TASK INSTRUCTIONS ▸ Once the line containing "Fiori di primavera da" is found in the entries below, restate it and each following line word for word, stopping after the line containing "Il tesoro di".

EXTRACTED ENTRIES ▸
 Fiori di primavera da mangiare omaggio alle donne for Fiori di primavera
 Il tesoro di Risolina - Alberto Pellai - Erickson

...

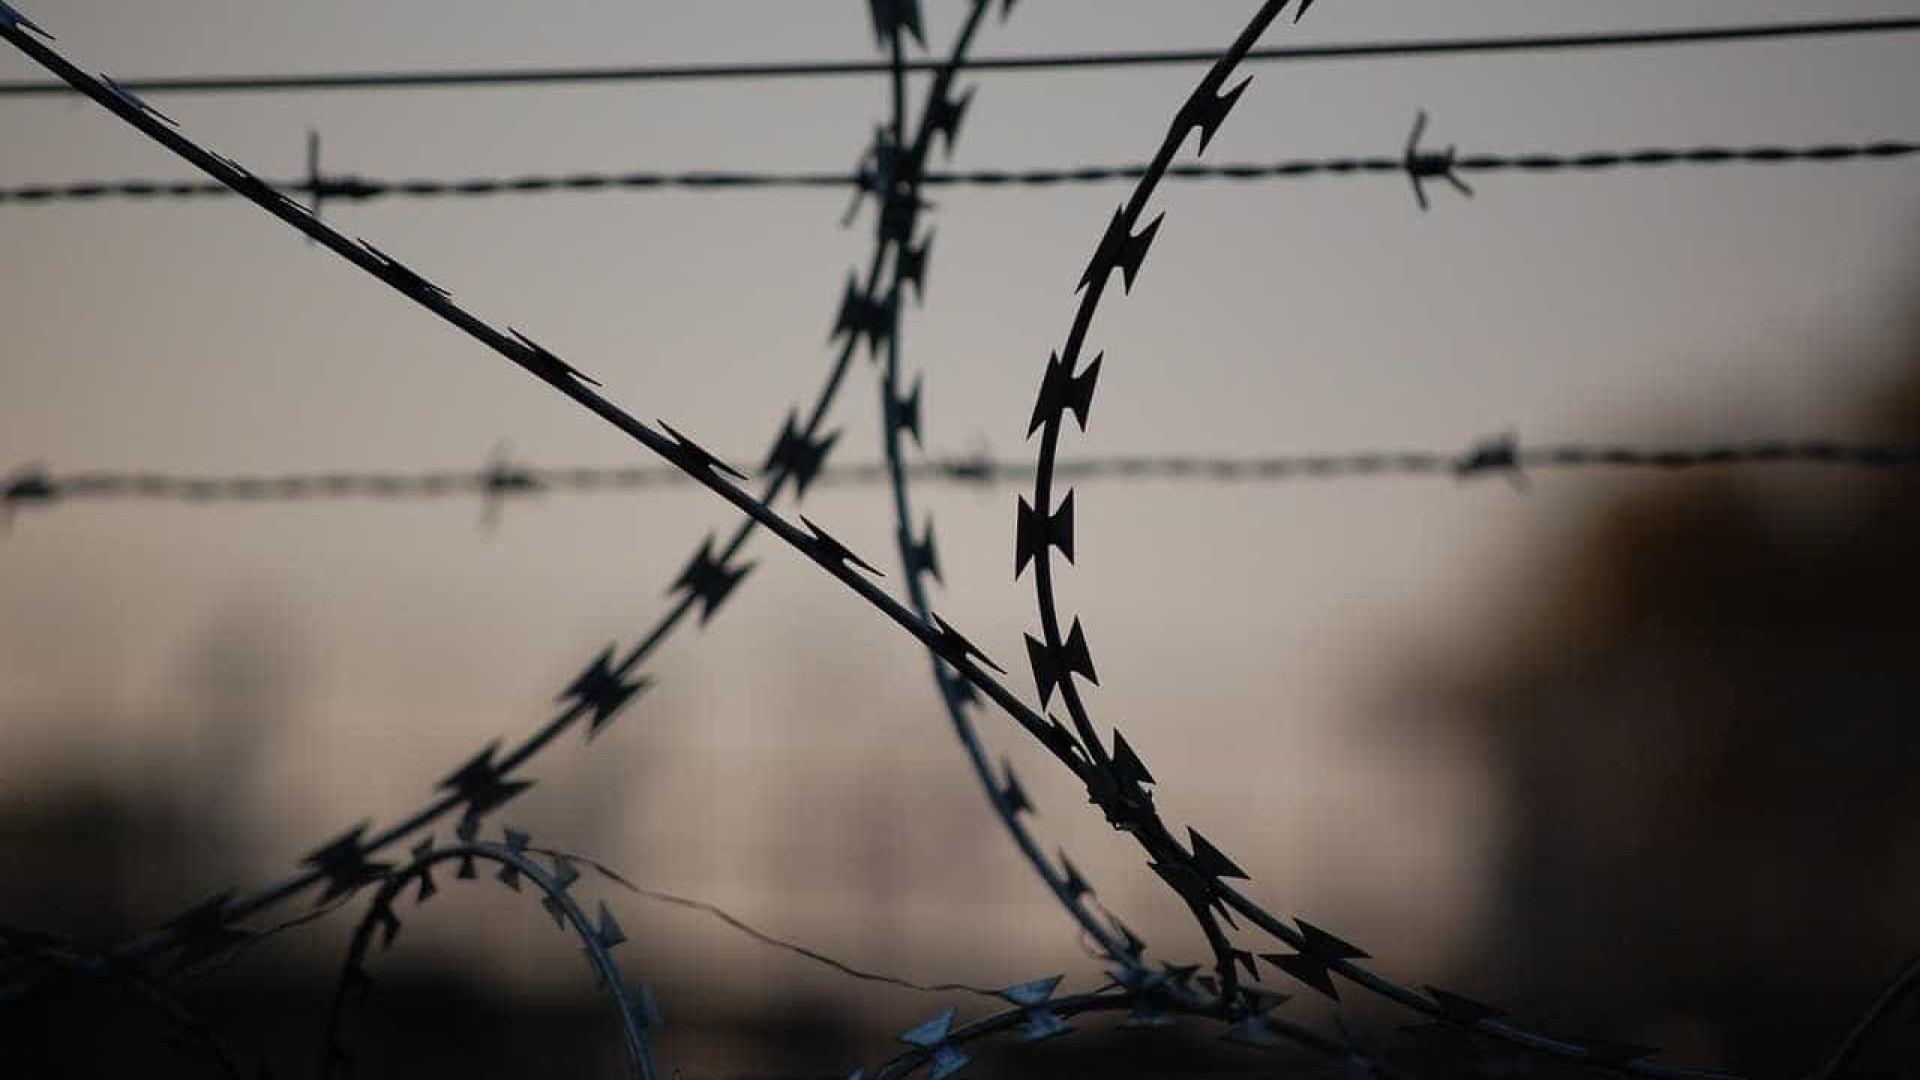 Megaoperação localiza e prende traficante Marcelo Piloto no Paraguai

SOLUTION FOR THIS TASK ▸
 Fiori di primavera da mangiare omaggio alle donne for Fiori di primavera
 Il tesoro di Risolina - Alberto Pellai - Erickson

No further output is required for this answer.